How are they to be played? At this summer’s Proms Daniel Barenboim and his West-Eastern Divan Orchestra gave us romantic and rather old-fashioned performances. Andris Nelsons, who has embarked on a season-long cycle with the City of Birmingham Symphony Orchestra, is similarly romantic in his approach, but – as you might expect – more dynamic and more explosive.

If you vaguely supposed that the Beethovenian revolution only took off with the third symphony, the “Eroica”, this concert would have made you think again. It took in the first two symphonies, framing the later Violin Concerto. True, the First Symphony shows the powerful influence of Haydn, but there is plenty of the younger composer’s individuality in it, including his unique use of a drum roll in the slow movement, and a so-called minuet that is unmistakably a fully fledged, upward-rushing scherzo.

Five quiet drum taps provide the typically original opening of the Violin Concerto, one of Beethoven’s most spacious and genial works. But alas their momentum was not sustained. The soloist, Nelsons’ fellow Latvian Baiba Skride, played with beauty and feeling, but too self-indulgently, and the music more than once nearly ground to a halt.

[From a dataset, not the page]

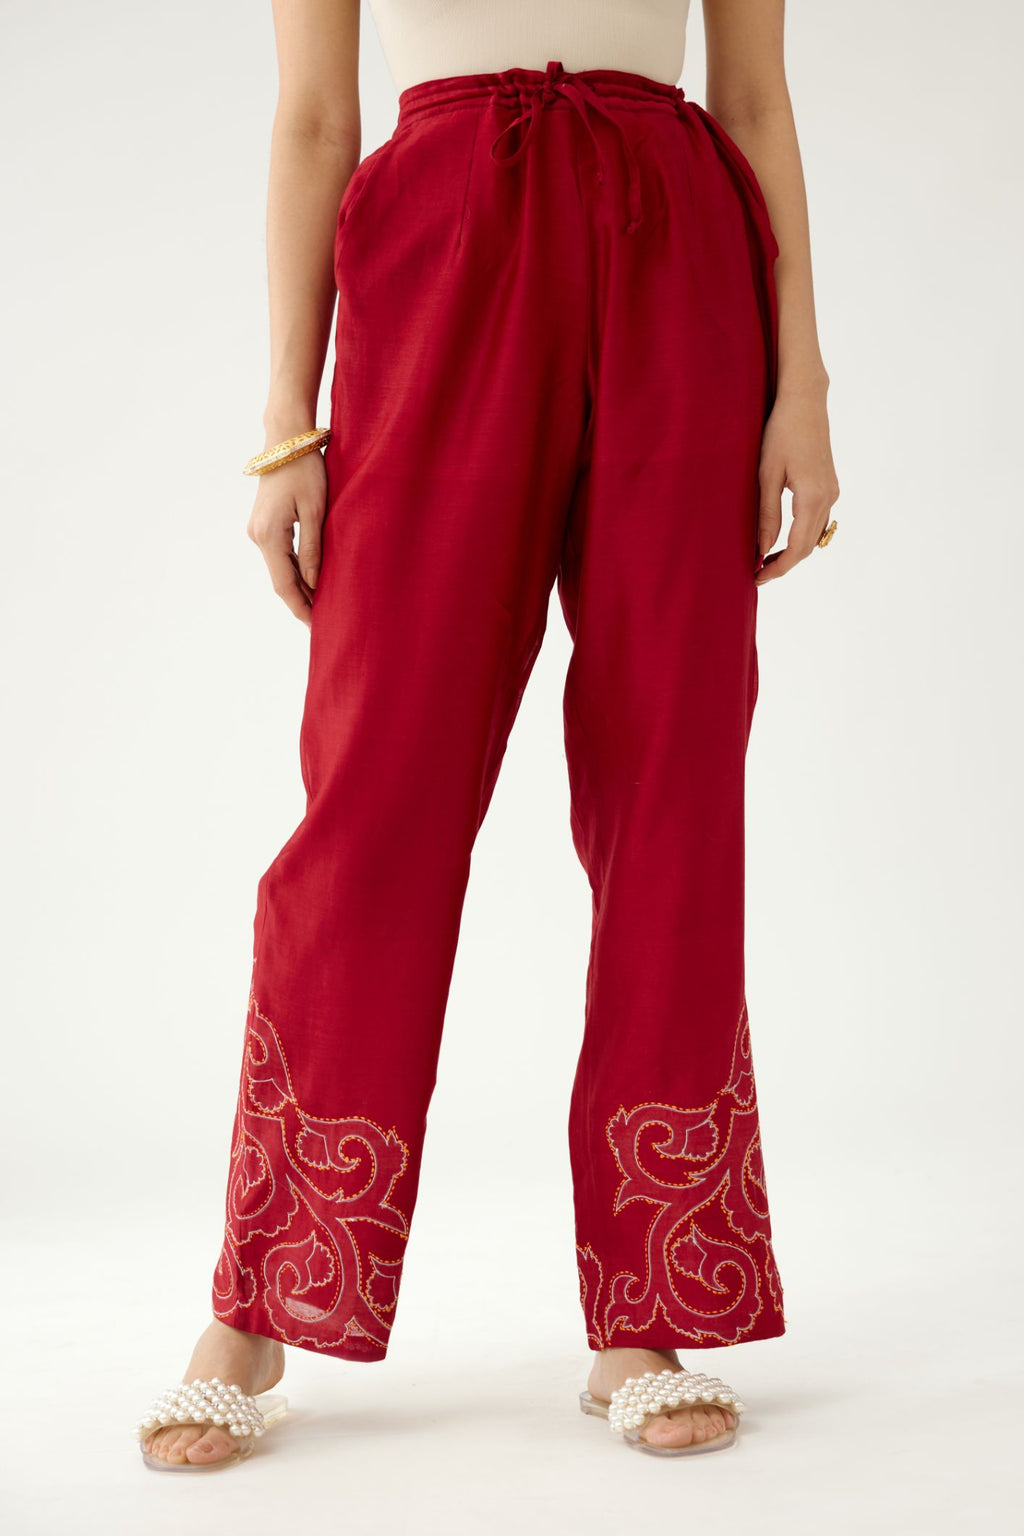 Red silk chanderi straight pants with cotton appliqué jaal work at reverse side, highlighted with kantha work in front side at bottom hem.

This was romanticism taken too far, were we listening to Beethoven or Max Bruch? Things got back on track with the Second Symphony, an affirmative but often violently explosive work, with a slow movement of great tenderness beautifully done by the CBS O strings. Nelsons obviously knew the work inside out, as indeed he did the whole programme, and brilliantly communicated his vision to the orchestra,who responded wholeheartedly.